Unnerved, Kate made a show of efficiency, opening curtains, making the bed—all with one hand. ‘But not the mask—they won’t let you wear the mask to nursery.’
Findlay watched approvingly as she helped him into the Spiderman suit while listening to what was going on downstairs. Had Robert, who didn’t mind the economy bacon sandwiches as much as he pretended, finished making his way through the rashers leaking white residue, layered between Blue Ribbon margarine and two slices of Mighty White? She hadn’t heard him come back upstairs and he hadn’t brought her a cup of tea yet—a ritual observed every morning since the first time they woke up together.
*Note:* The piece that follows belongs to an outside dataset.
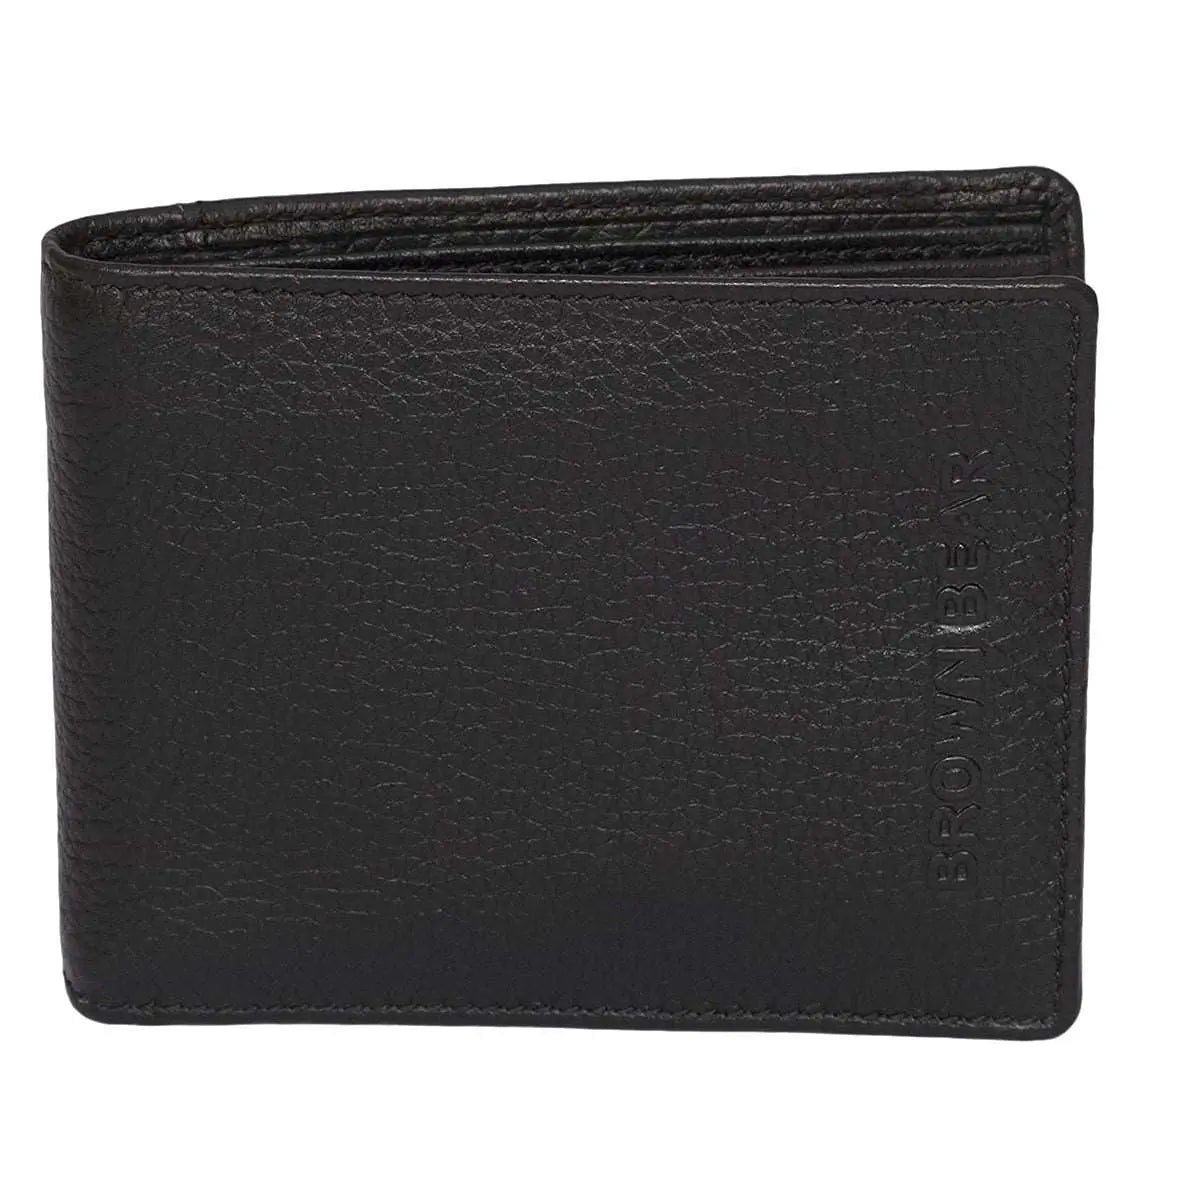 Mini Wallet for Men’s with Pocket in Genuine Leather - Brown Bear
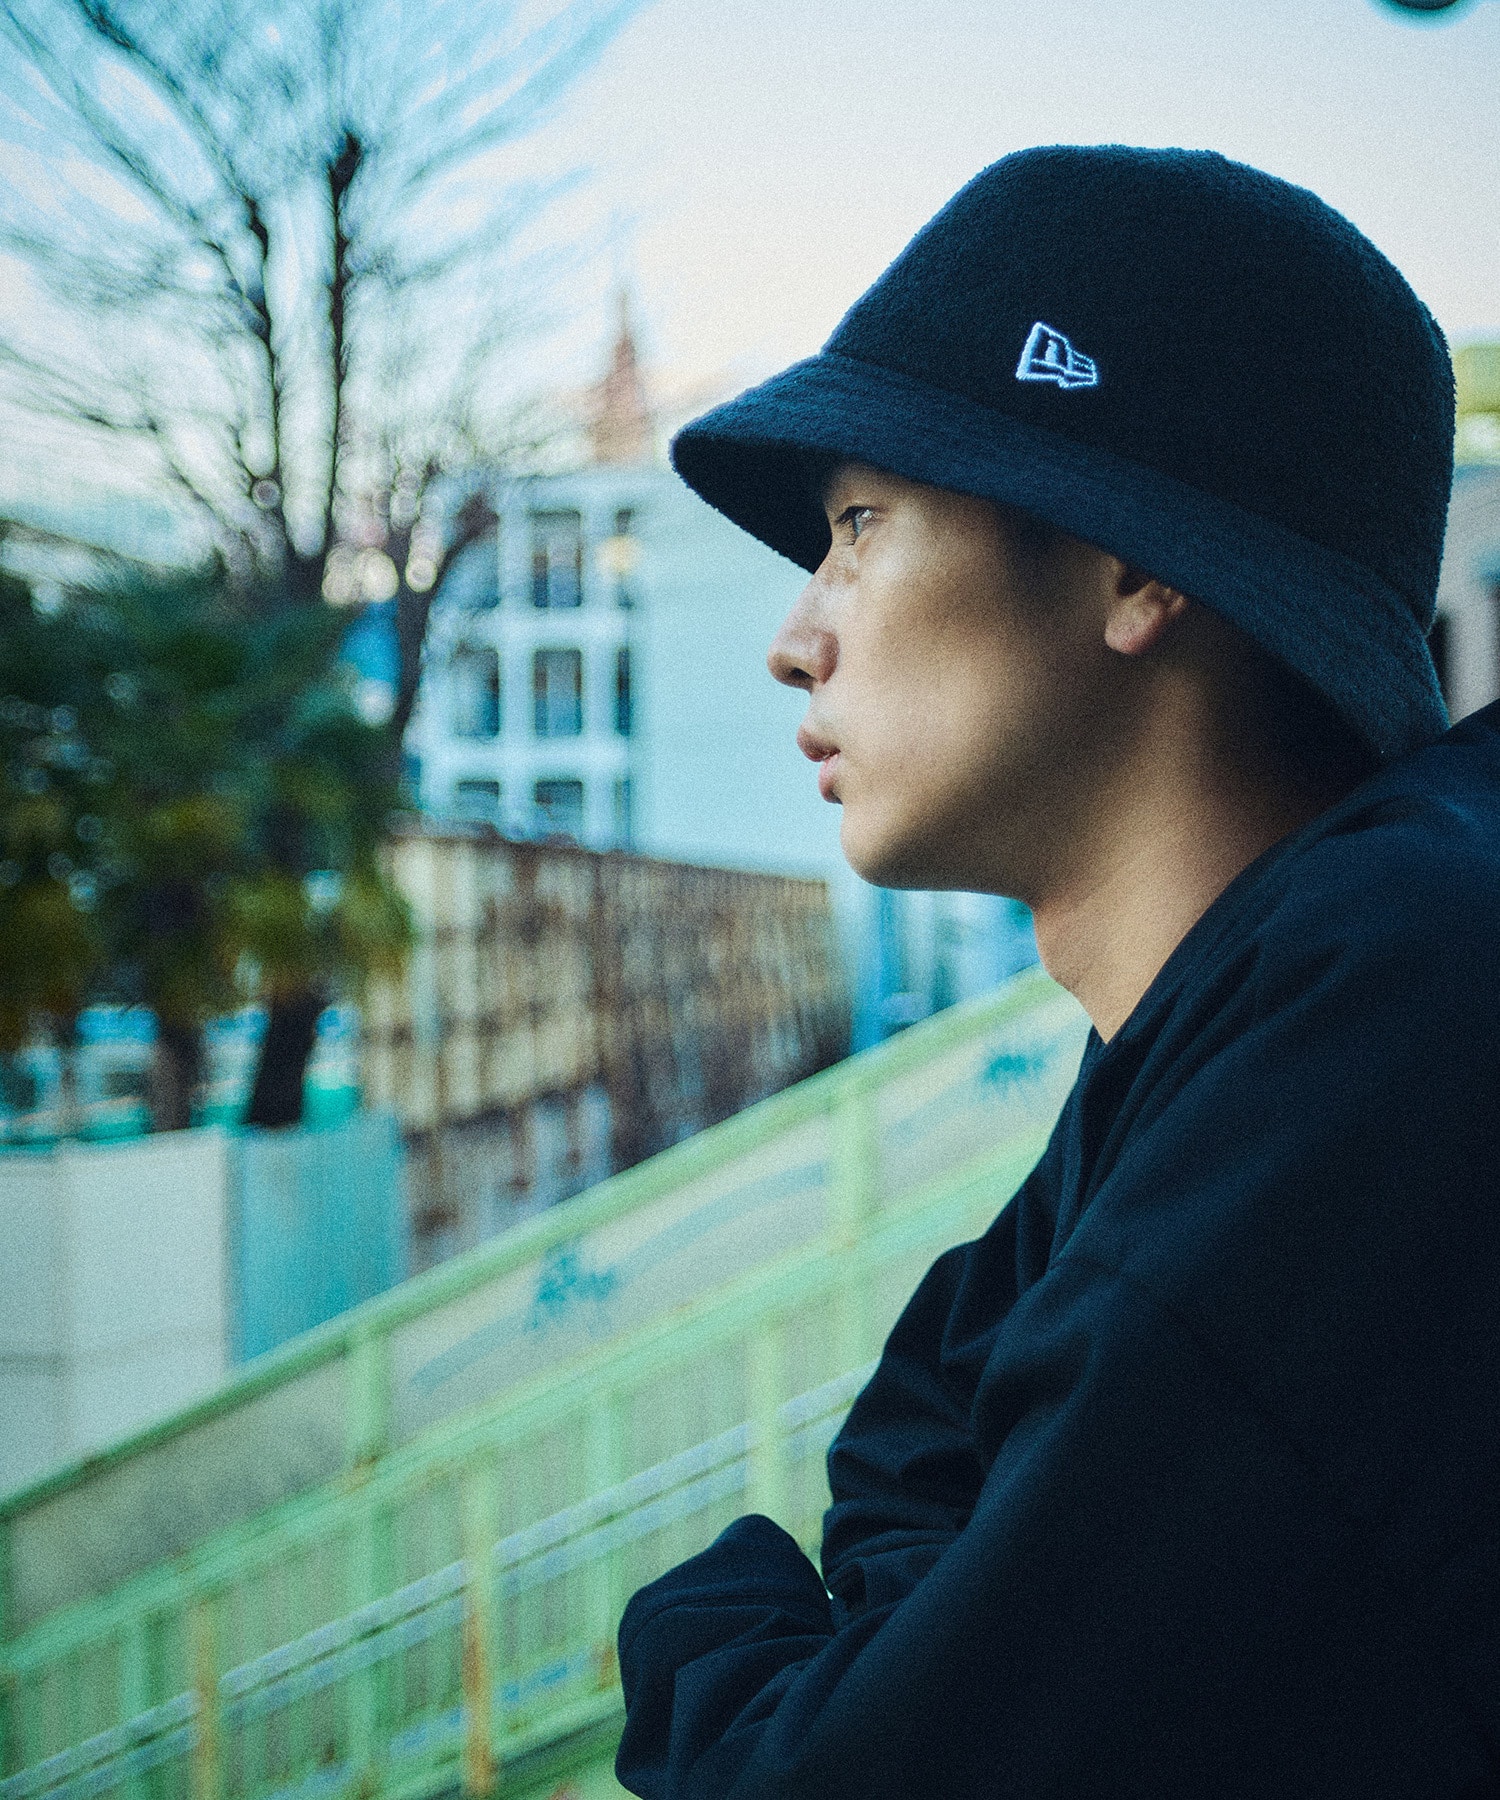 onegravity NEW ERA times; onegravity バケットハット｜ESTNATION ONLINE  STORE｜エストネーション 公式通販

Downstairs, Margery, who had been outraged when she’d discovered that Robert was expected to help himself to a bowl of cereal—when there was any—at breakfast, before a full day’s work, was overwhelmed with pride that now she was here she could send him out into the world with meat in his stomach as well as a greasy chin and cuffs. That was one wrong in this marriage she’d been determined to set to rights.
She trailed after him now to the front door, in a grey tracksuit she’d been given by American Airlines on one of her Florida trips when her luggage got lost, and waved frantically as he cycled off down the street—until he turned the corner, out of sight. Then she sighed involuntarily, stared threateningly at the innocent commuters passing No. 22 on their way to the station, and shut the front door quickly before the Jamaican next door saw her standing there and decided to rape her. According to the free paper they got at home, The New Shopper, these things happened in BROAD DAYLIGHT in London, and nobody lifted a finger to help.
When she turned round, Kate was standing at the foot of the stairs, watching her.
‘He’s gone,’ Margery said, fairly certain from the look on Kate’s face that this was the first—or one of the first times, anyway—that Robert had left the house in the morning without saying goodbye. Had the Hunter marriage entered a new phase, and would she—as she’d always hoped—live long enough to witness her son rising like a phoenix from the ashes of a passion gone cold?
Kate hid her face in her daughter’s back again, briefly shutting her eyes so that Margery couldn’t read in them the last two minutes spent at the bedroom window, watching Robert cycle off down Prendergast Road without so much as turning to look up at the house; without so much as even saying goodbye.
When she opened them again, Margery had disappeared into the kitchen.
‘You’re never wearing that to nursery,’ her voice exclaimed, outraged at the perversity of Findlay’s fancy dress when there was no occasion.
‘Mum said I could.’
‘You’ll get your eczema back if you wear that nylon suit in this heat.’